### DATA FOR THE TASK
======
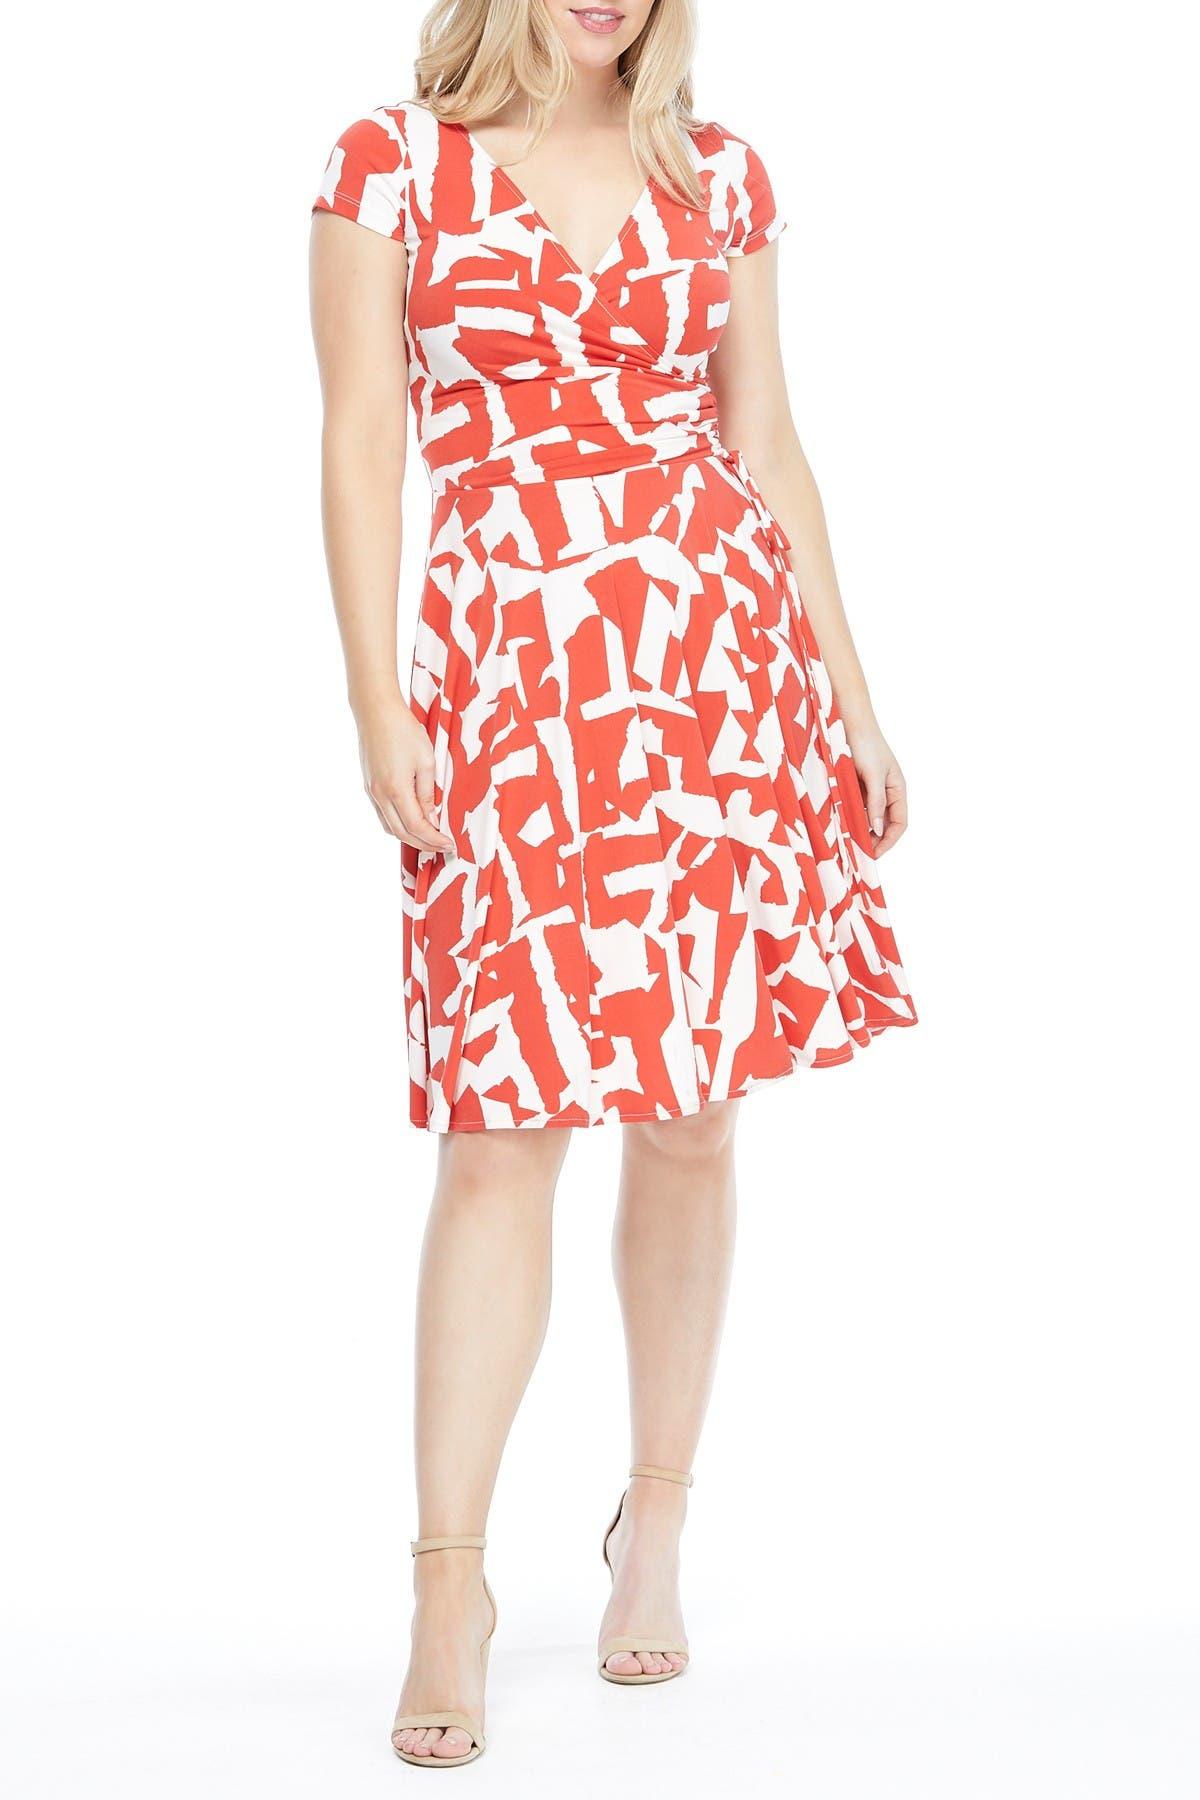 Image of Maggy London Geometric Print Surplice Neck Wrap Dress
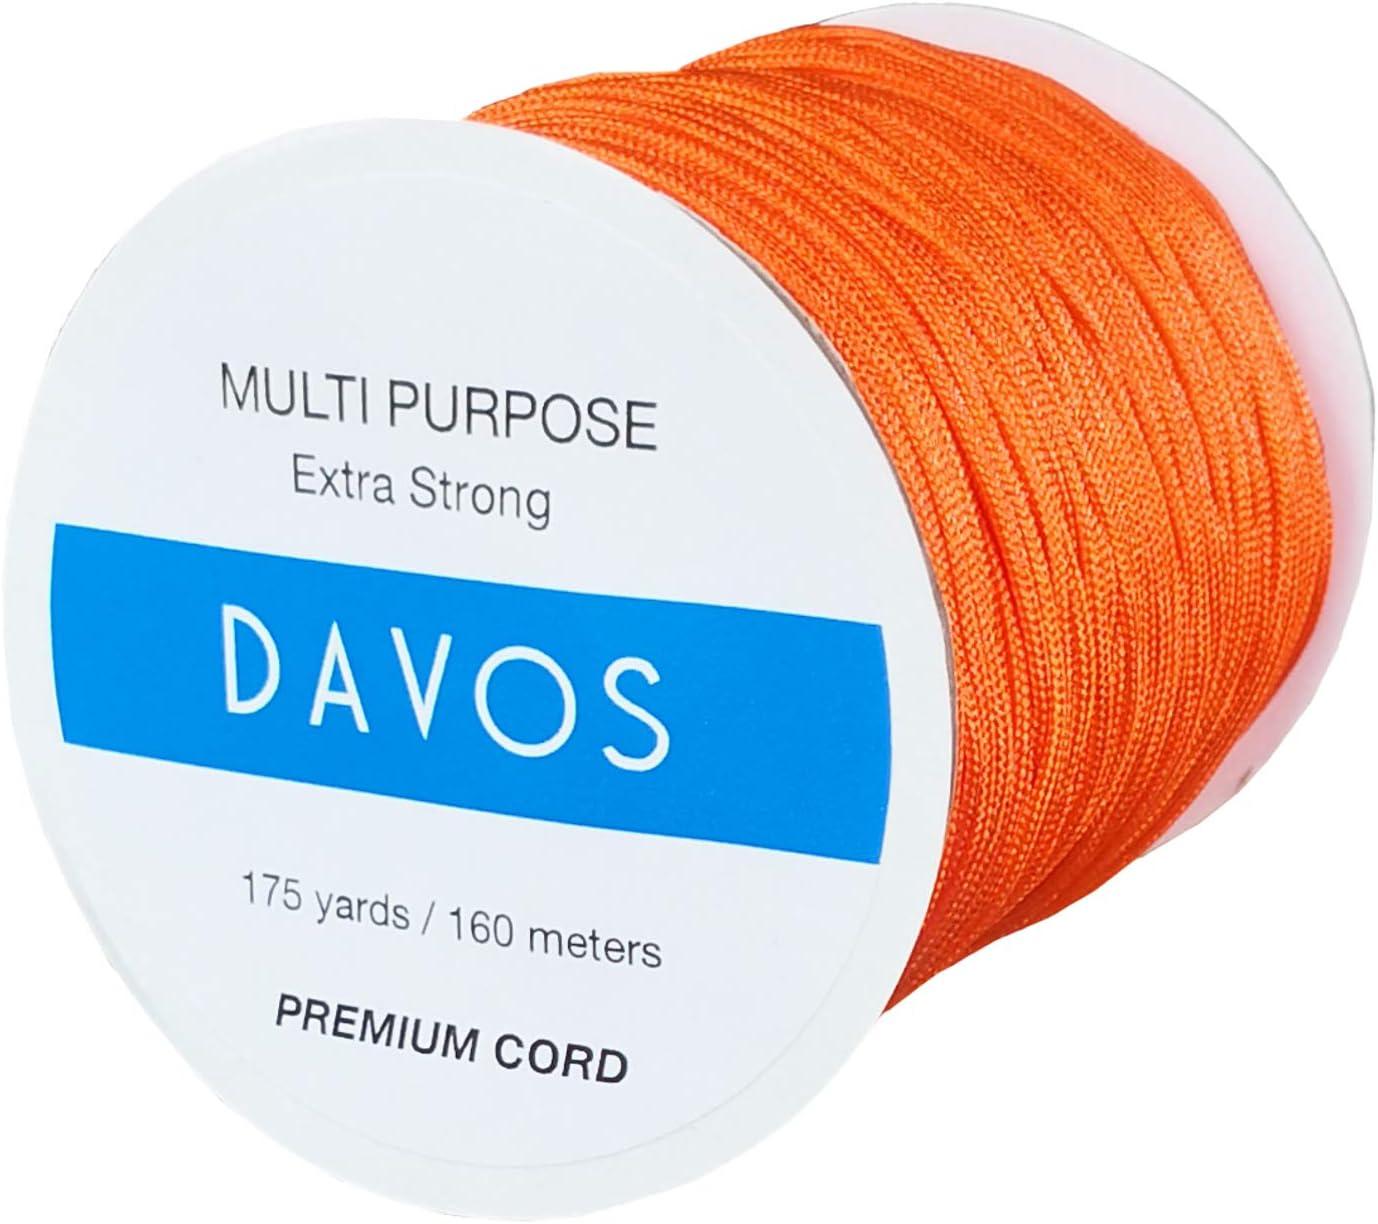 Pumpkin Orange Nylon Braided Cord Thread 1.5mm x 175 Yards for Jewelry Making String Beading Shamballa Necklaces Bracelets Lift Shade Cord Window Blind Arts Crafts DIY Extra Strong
======
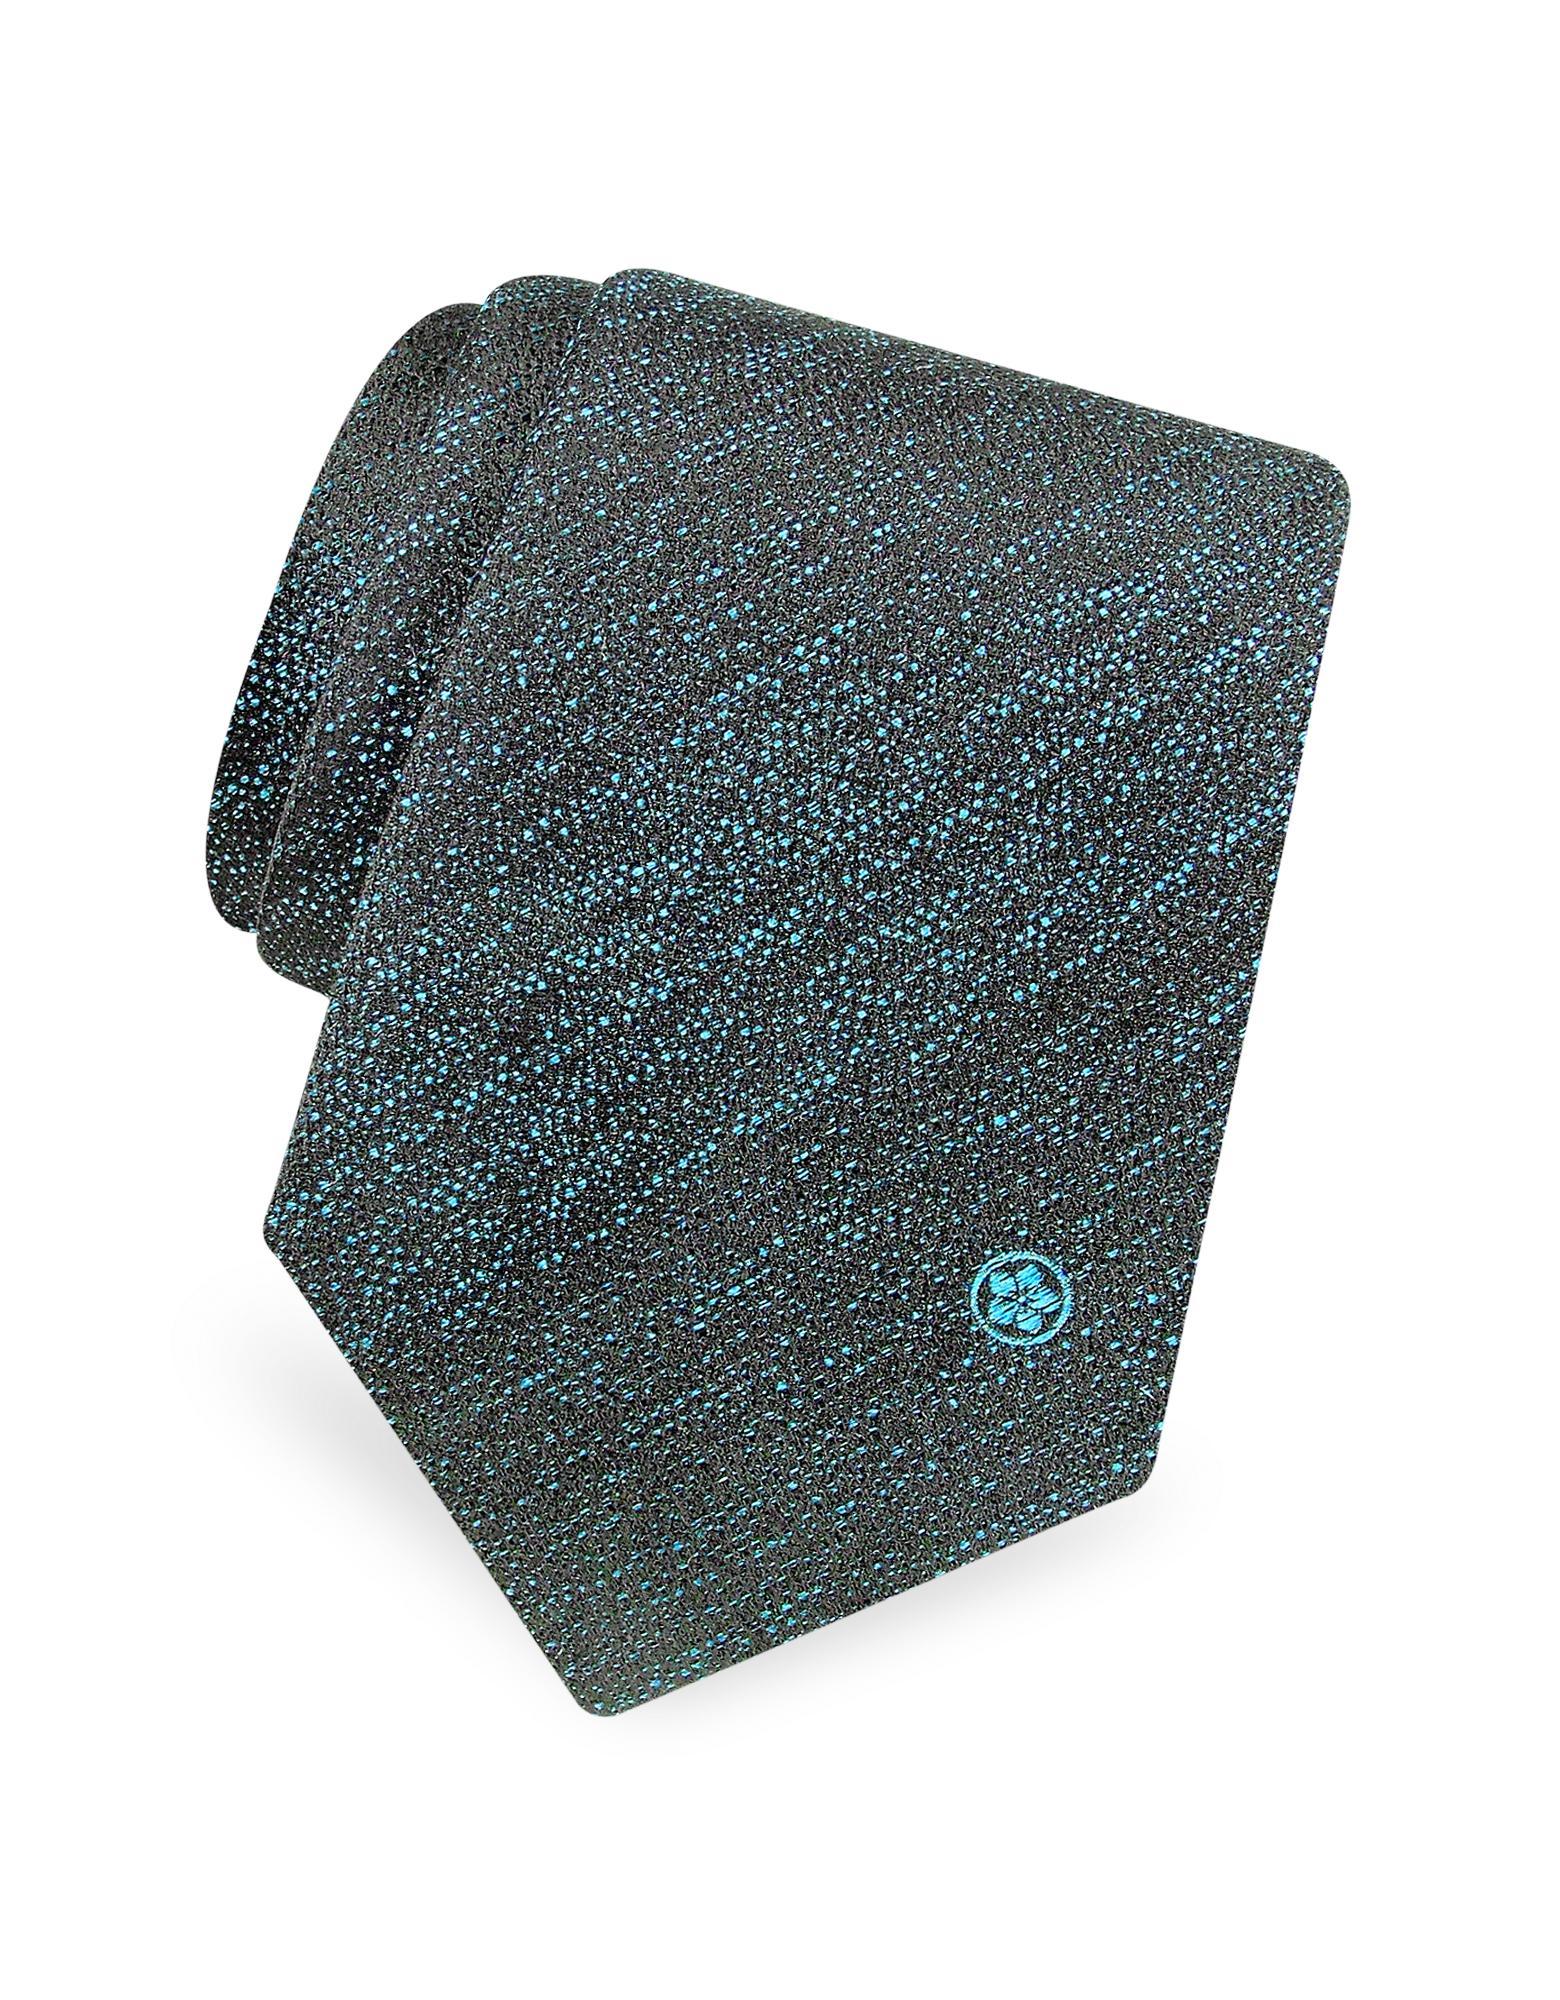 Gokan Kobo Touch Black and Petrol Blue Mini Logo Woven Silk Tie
======
### ABOUT THIS EXERCISE
Using the data above, retype exactly the lines from the line with "Image of Maggy" to the line with "Pumpkin Orange Nylon", inclusive. No pictures and nothing else.

### FINISHED EXERCISE
 Image of Maggy London Geometric Print Surplice Neck Wrap Dress
 Pumpkin Orange Nylon Braided Cord Thread 1.5mm x 175 Yards for Jewelry Making String Beading Shamballa Necklaces Bracelets Lift Shade Cord Window Blind Arts Crafts DIY Extra Strong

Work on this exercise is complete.